▶ _ACTIVITY_: Your reply should be the whole listing, copied exactly, with the pictures left out.

▶ _DATA PROVIDED_:
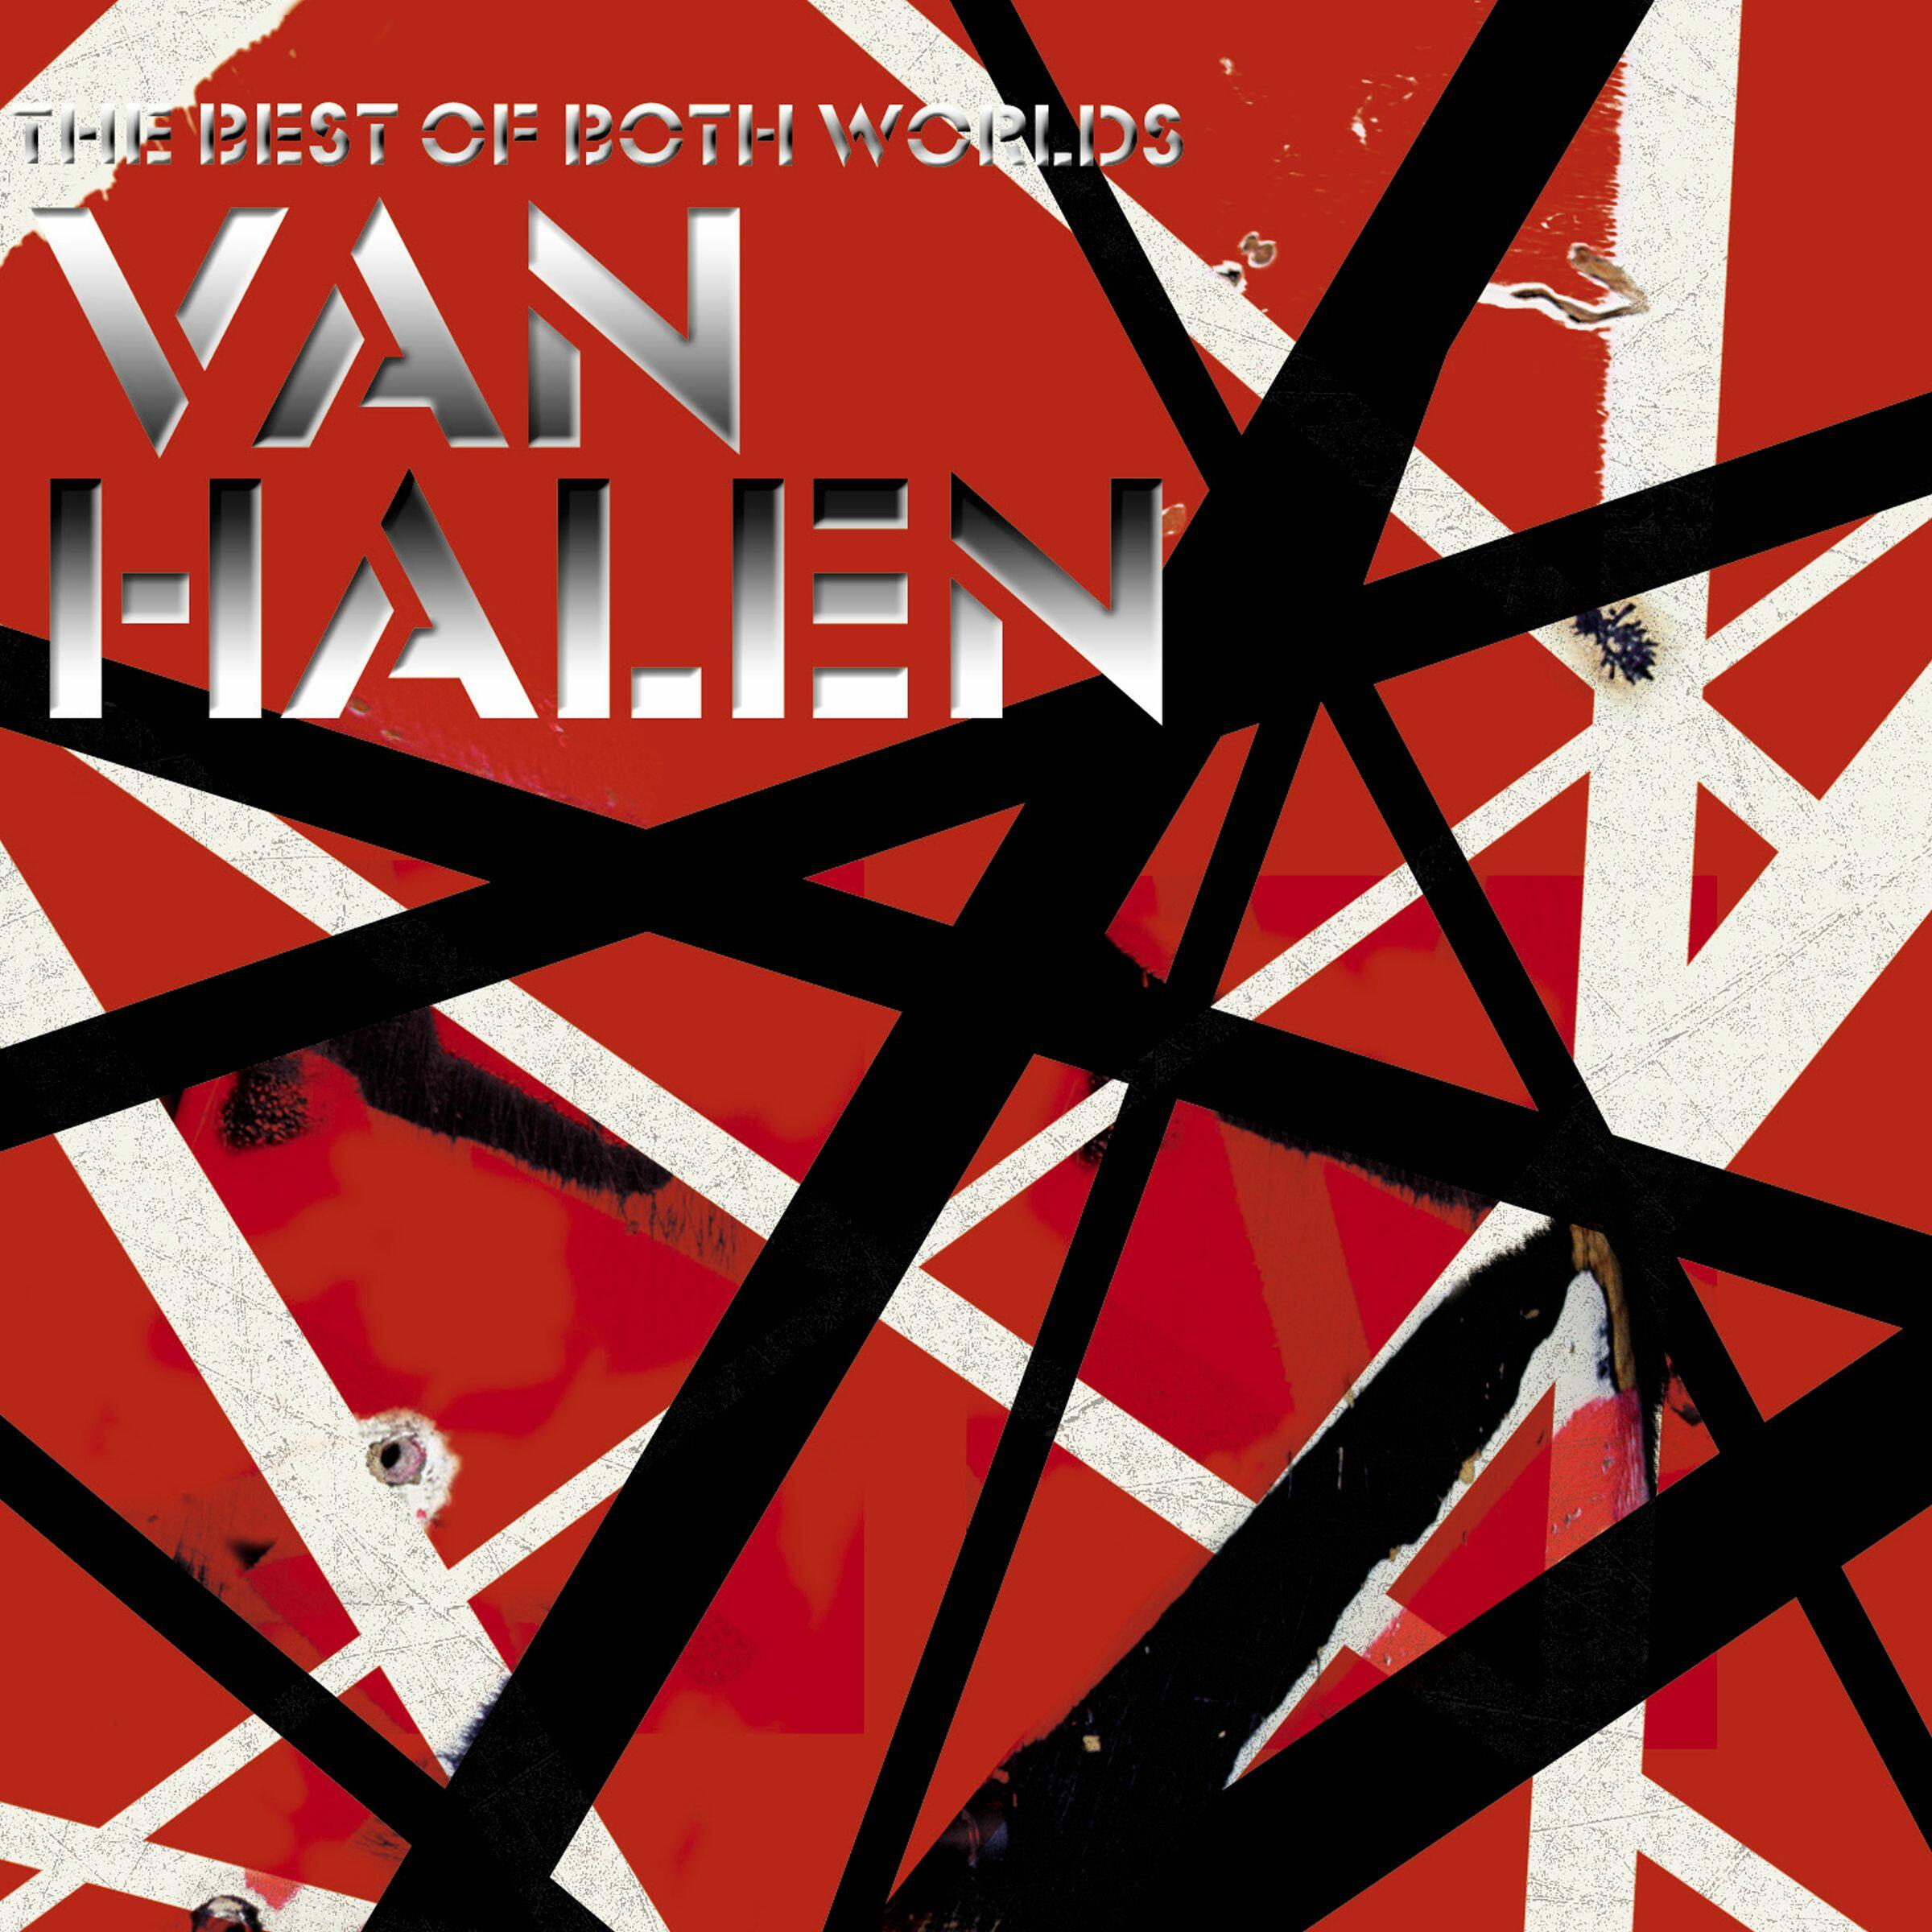 Listen Free to Van Halen - The Best of Both Worlds Radio on iHeartRadio | iHeartRadio2400 x 2400
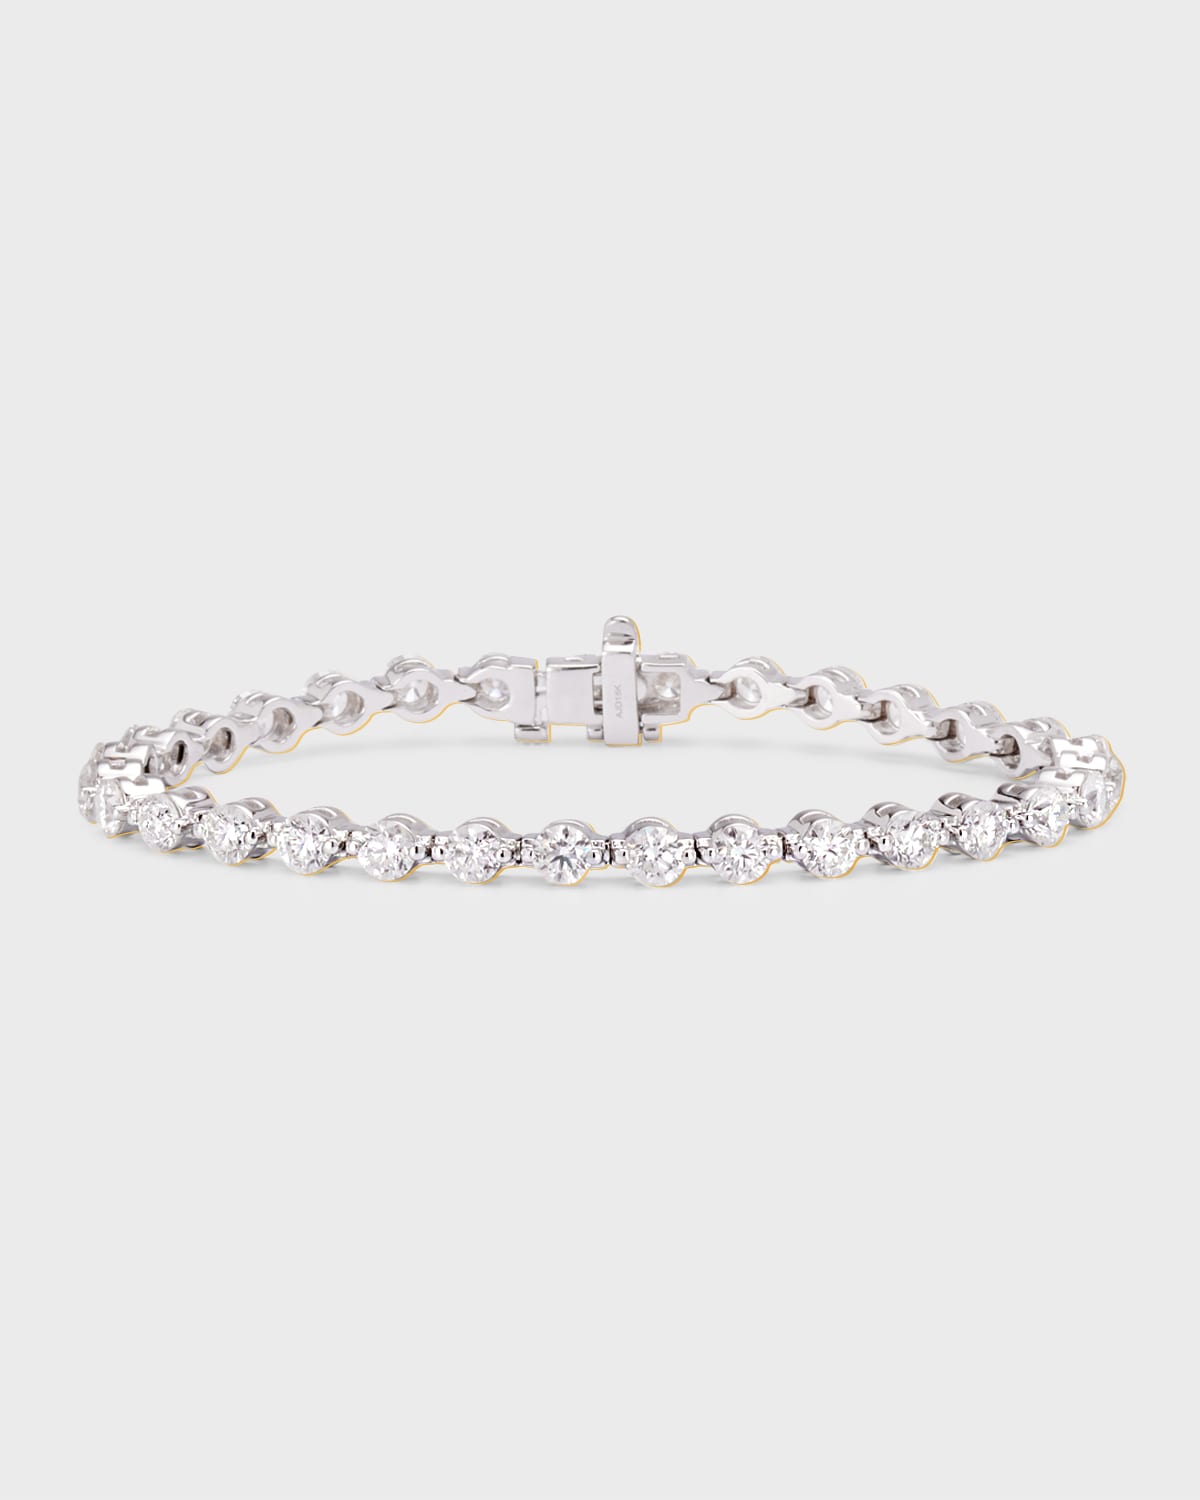 Neiman Marcus Diamonds 18k White Gold Round Diamond Tennis Bracelet
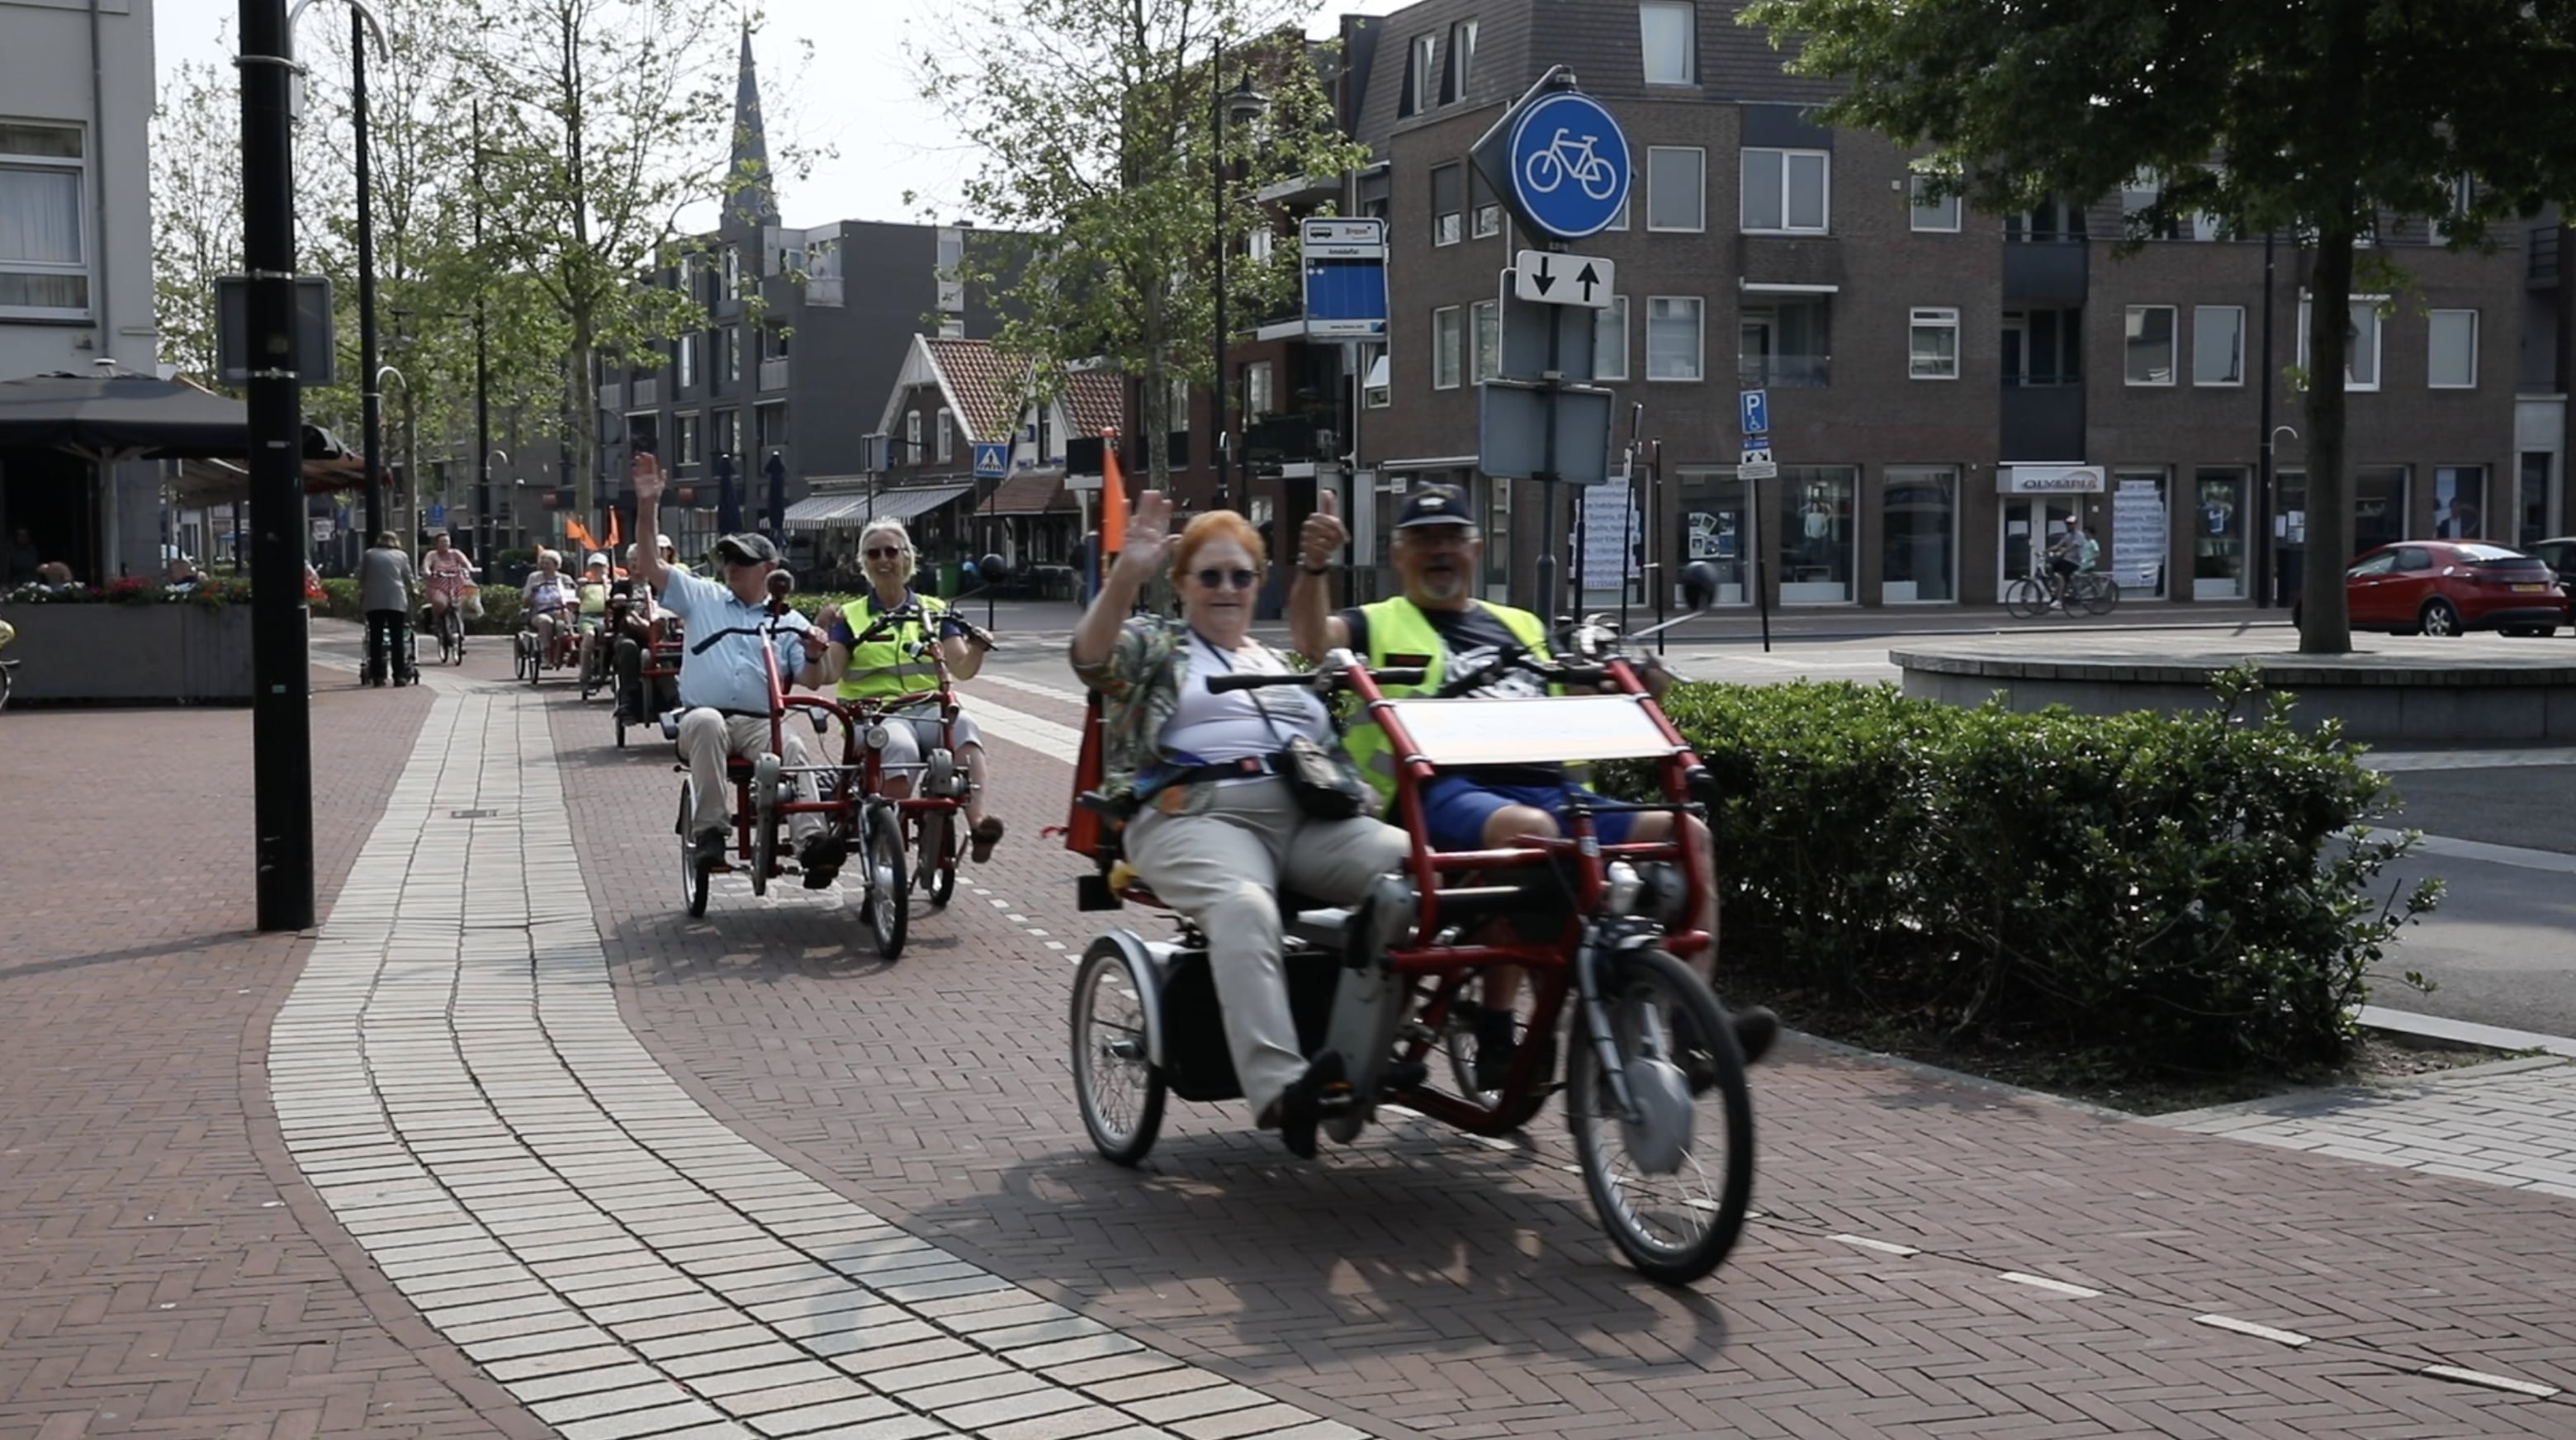 Wij dromen van 2024, dan hebben we 12 fietsen en kunnen we 1200 gasten per jaar een mooie rit bezorgen. We hebben inmiddels 120 vrijwillige ritleiders, maar dat zullen er 150 moeten worden, aldus Daphne Scholten.

▶ _OUTPUT OF THE EXERCISE_:
 Listen Free to Van Halen - The Best of Both Worlds Radio on iHeartRadio | iHeartRadio2400 x 2400
 Neiman Marcus Diamonds 18k White Gold Round Diamond Tennis Bracelet
 Wij dromen van 2024, dan hebben we 12 fietsen en kunnen we 1200 gasten per jaar een mooie rit bezorgen. We hebben inmiddels 120 vrijwillige ritleiders, maar dat zullen er 150 moeten worden, aldus Daphne Scholten.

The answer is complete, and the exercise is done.